This repository holds code for the bulk fitness assay described in this 2016 Cell Paper. In short it infers fitnesses from barcode abundance data, specifically designed for serial growth/dilution experiments.
The methods implemented here are for inferring the (relative) fitness of individuals in a population undergoing serial growth and dilution. The methods should also work for inferring fitness in other situations, but have not been tested/optimized for those conditions. It is important to note that fitness is not an absolute quantity, especially in experiments with near constant population sizes; instead, it is differences in fitness between organisms which can be measured.
This code is primarily for use in analyzing data from bulk fitness assays, where mutants are competed against an ancestor or known reference strain in order to estimate their fitnesses relative to the ancestor. DNA barcoding technology, among other tools, can be used to measure abundances of different lineages throughout the course of an experiment/assay. This abundance data can then be translated to information about the relative growth rates of different organisms. This particular method measures the fitness effects of pre-existing variation and is optimized for competetive assays with a short duration (so no further evolution occurs during the experiment).

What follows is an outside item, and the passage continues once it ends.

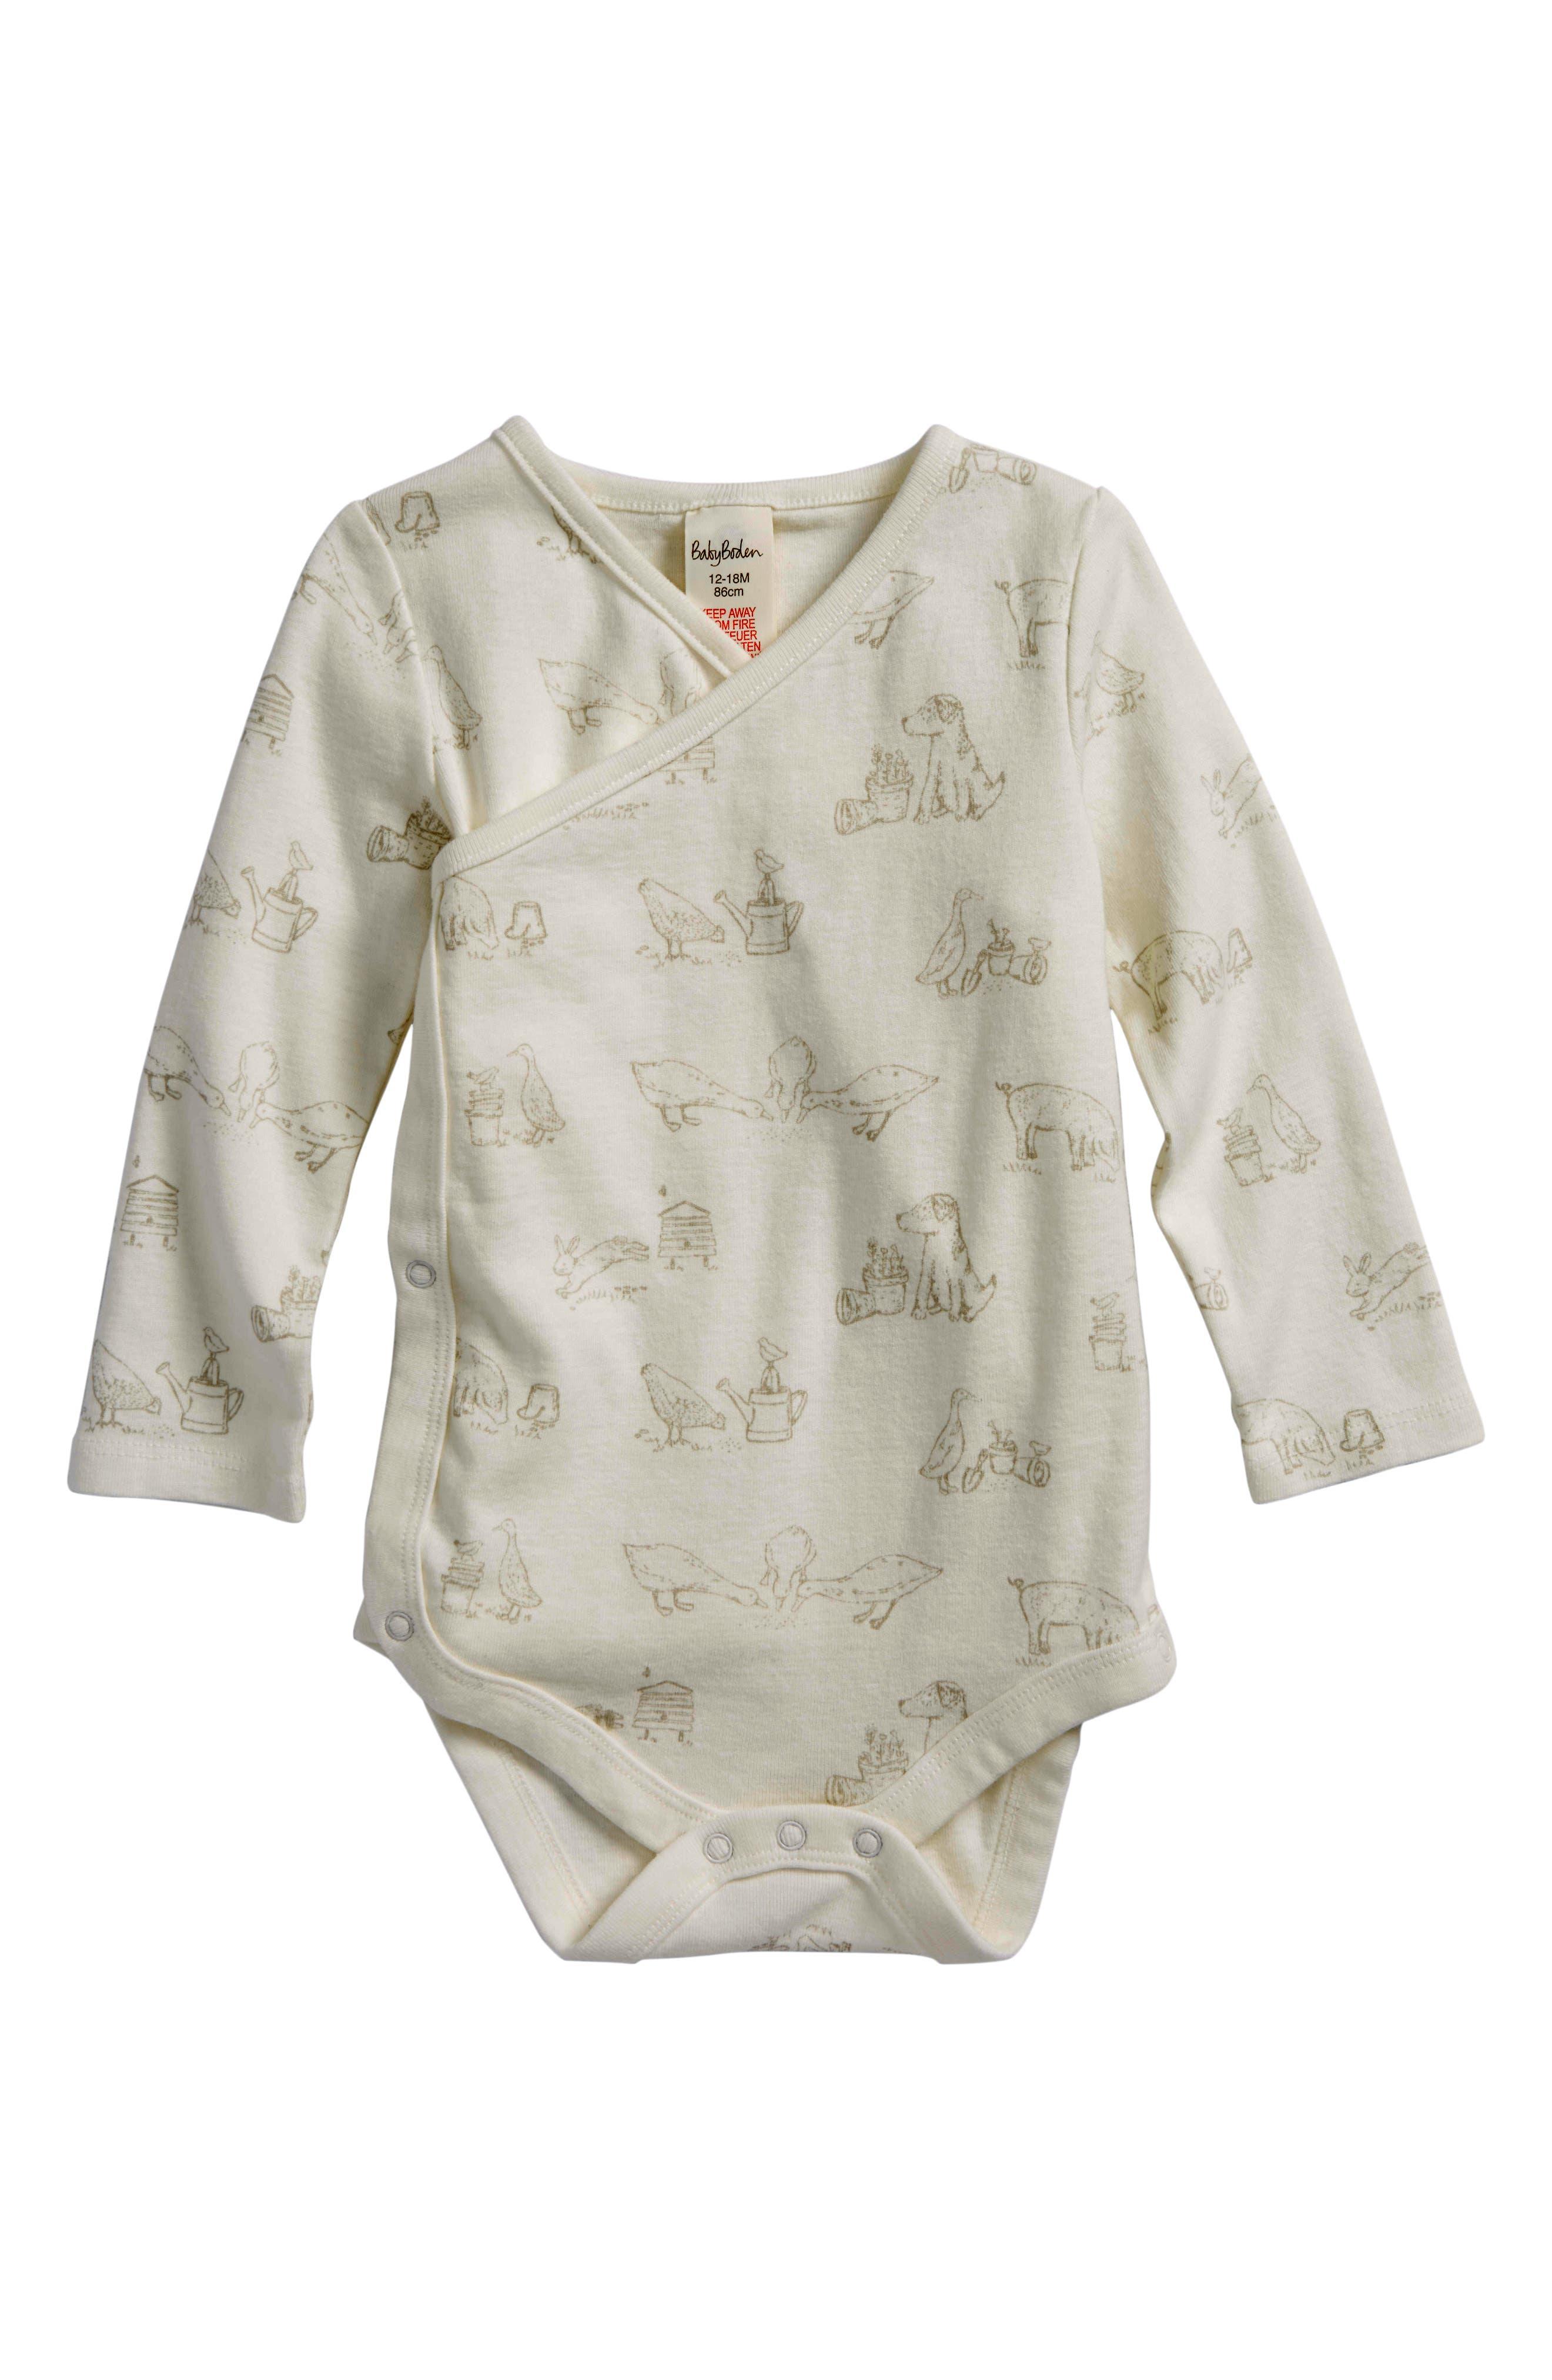 MINI BODEN Farmyard Organic Cotton Wrap Bodysuit, Main, color, SHALE GREY

This method is designed around the assumption that the ancestral/reference strain is the largest component of the pool of organisms throughout the experiment. It can either be given a list of putatively neutral (relative to the reference) strains, and it will further filter that list to the "true" neutrals. If no list is given, then it attempts to isolate the majority phenotype and mark those as the reference strain.

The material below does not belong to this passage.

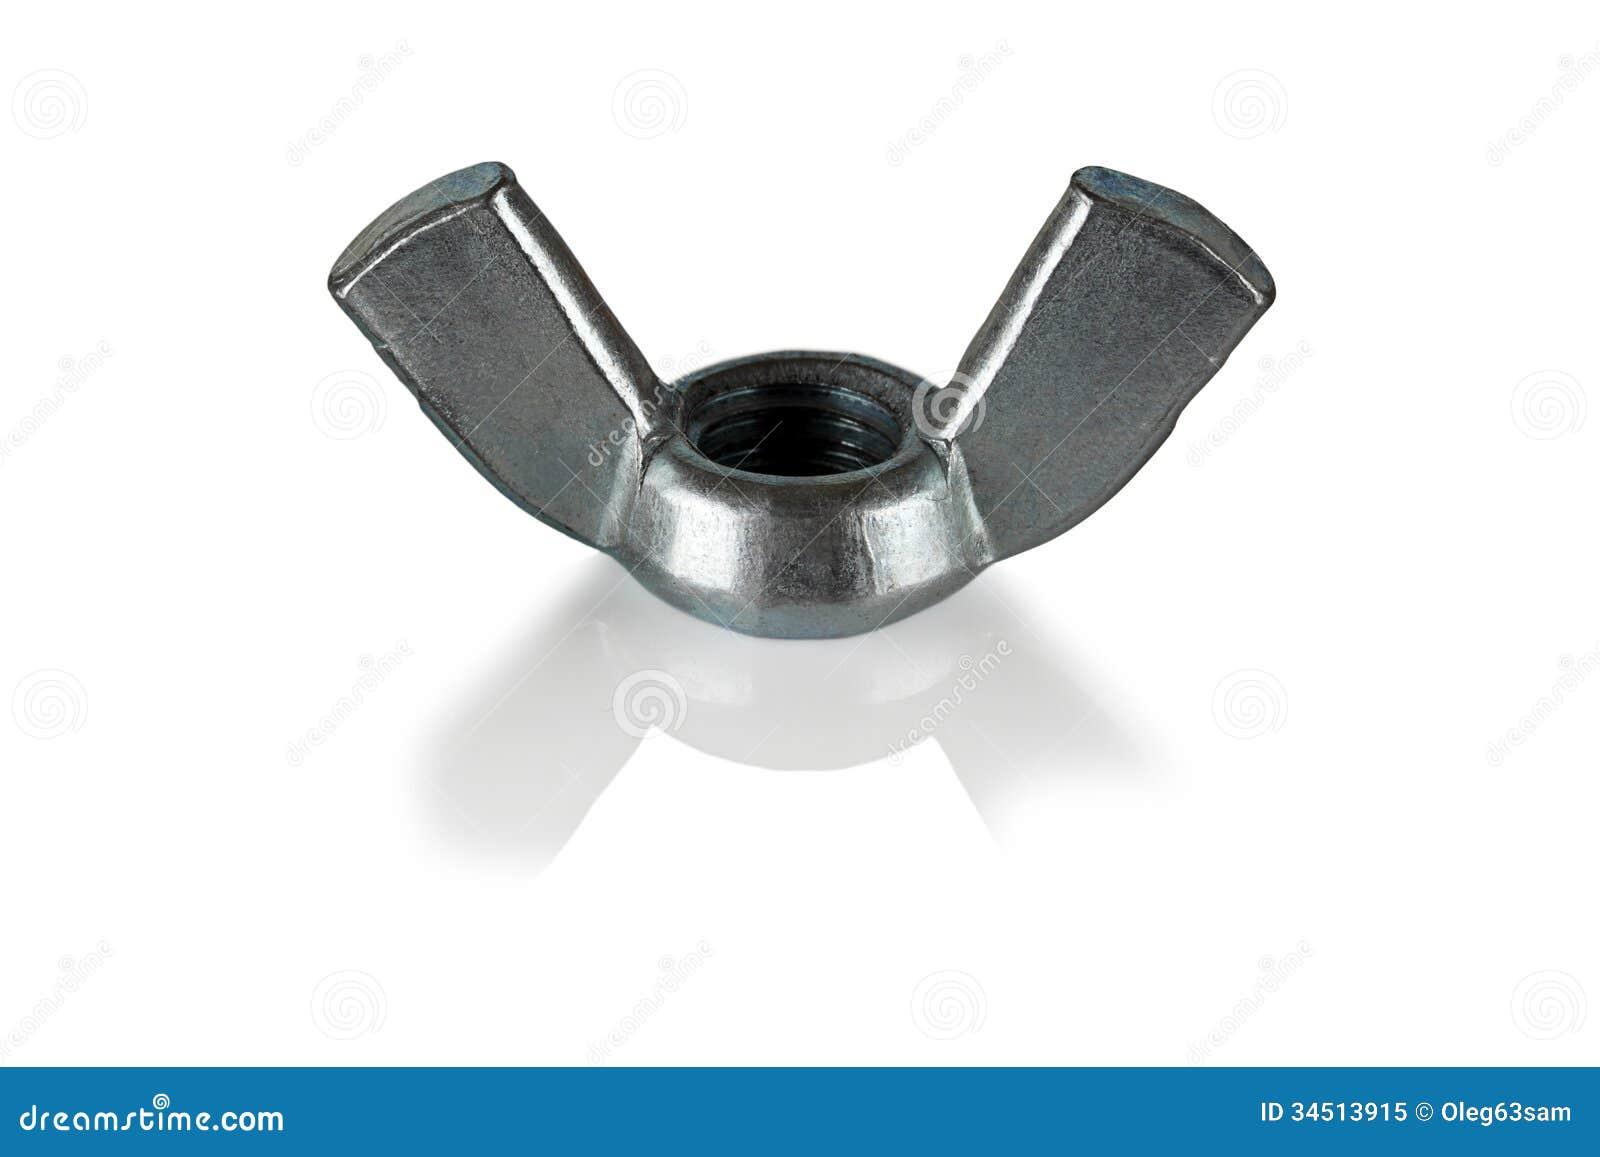 Wing nut stock image of machine reflective

The assumptions of the model tend to break down as mutant populations become larger, due to the advent of frequency dependent selection (that is, ecology). In cases where the model assumptions break down, the methods can still be used for quantification of different types; however, the biological meaning of the reported "fitness" may be different, and the variability across experiments may be much larger than suggested by the reported errors.
Basics of inference algorithm
This code infers the fitnesses of barcoded individuals from the abundance data. For each pair of timepoints, the fitness increase s per timepoint is estimated as the log ratio of frequencies at adjacent timepoints, compared to the reference type. The fitnesses from each pair of timepoints is assigned a noise value. This noise model assumes Gaussian noise (which was theoretically motivated and fit well the original data). The code then takes an appropriate weighted average of all measurements for a single barcode to come up with an overall estimate of the fitness (and its error).

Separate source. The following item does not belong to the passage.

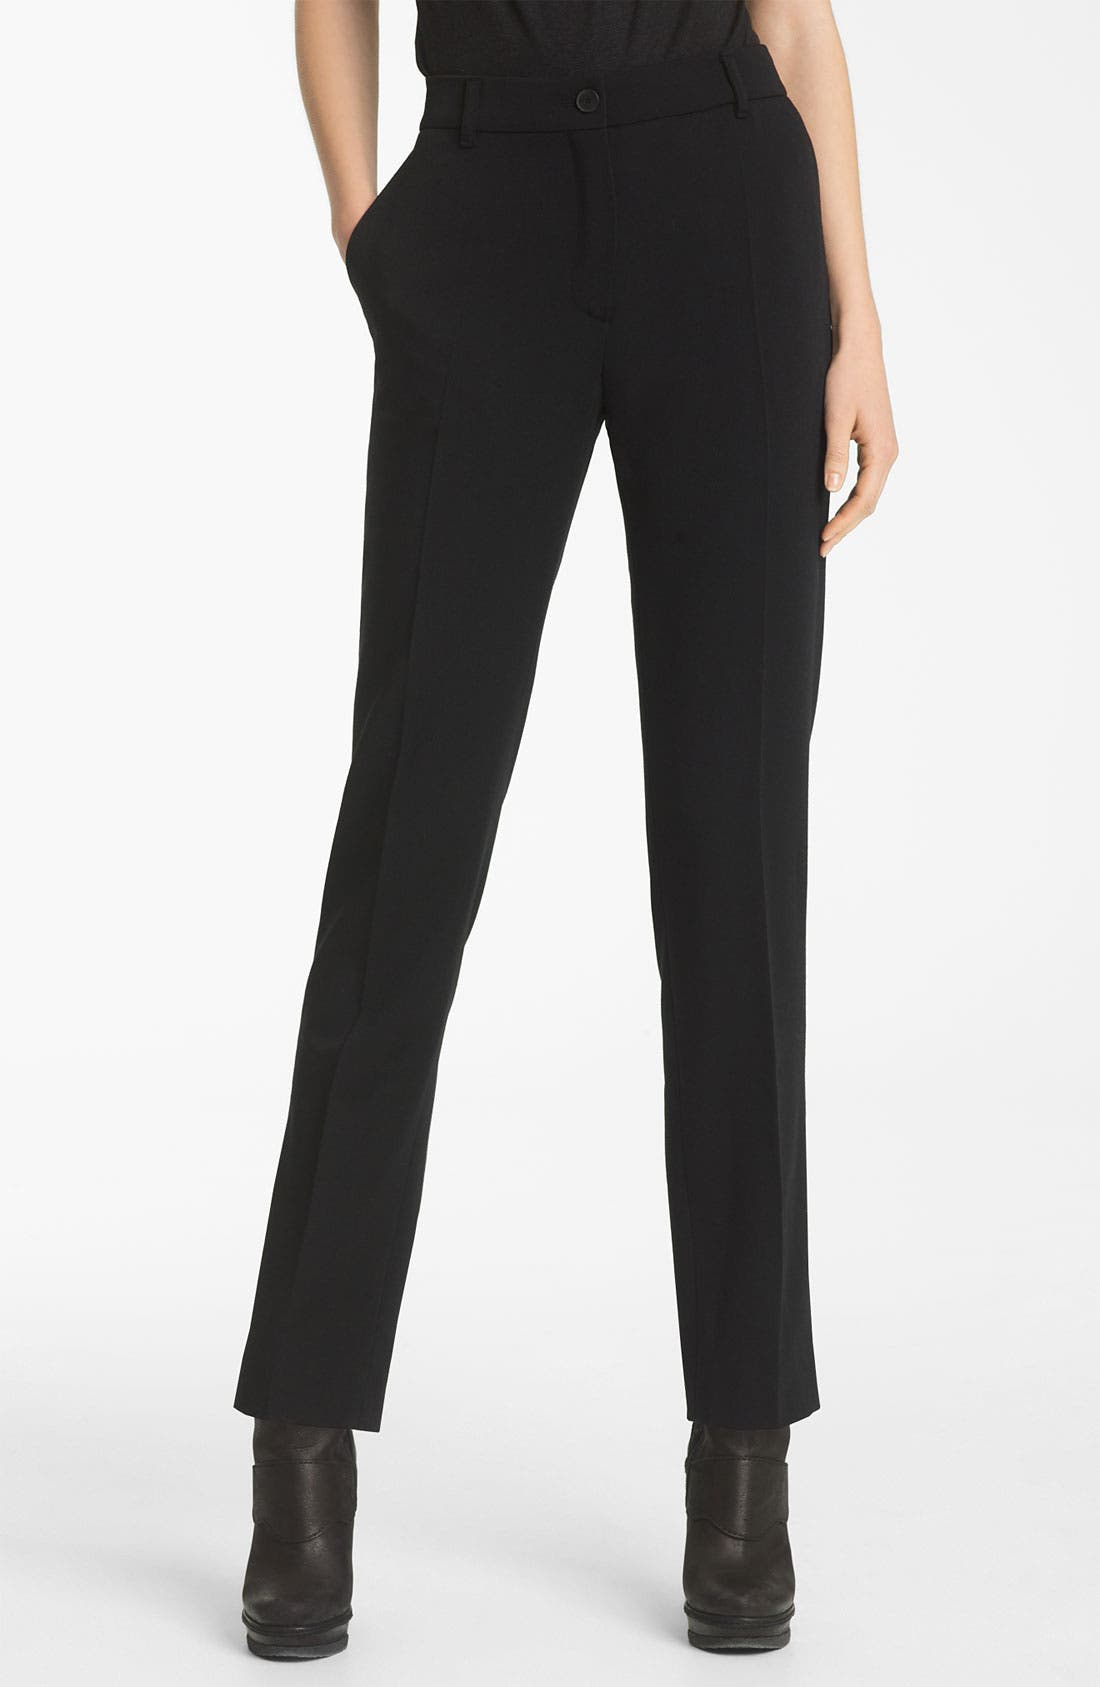 Alternate Image 1 Selected - Jean Paul Gaultier Straight Leg Pants

A few notes on the noise model: there are two contributions to variation in fitness measurements. One part, the "counting noise" comes from genetic drift and sampling error, and the other part an impossible to remove "multiplicative noise" which is some unknown function of the DNA extraction and sequencing pipeline. The algorithm uses within replicate data to estimate the counting noise coefficient, and uses between replicate comparisons to estimate the multiplicative noise.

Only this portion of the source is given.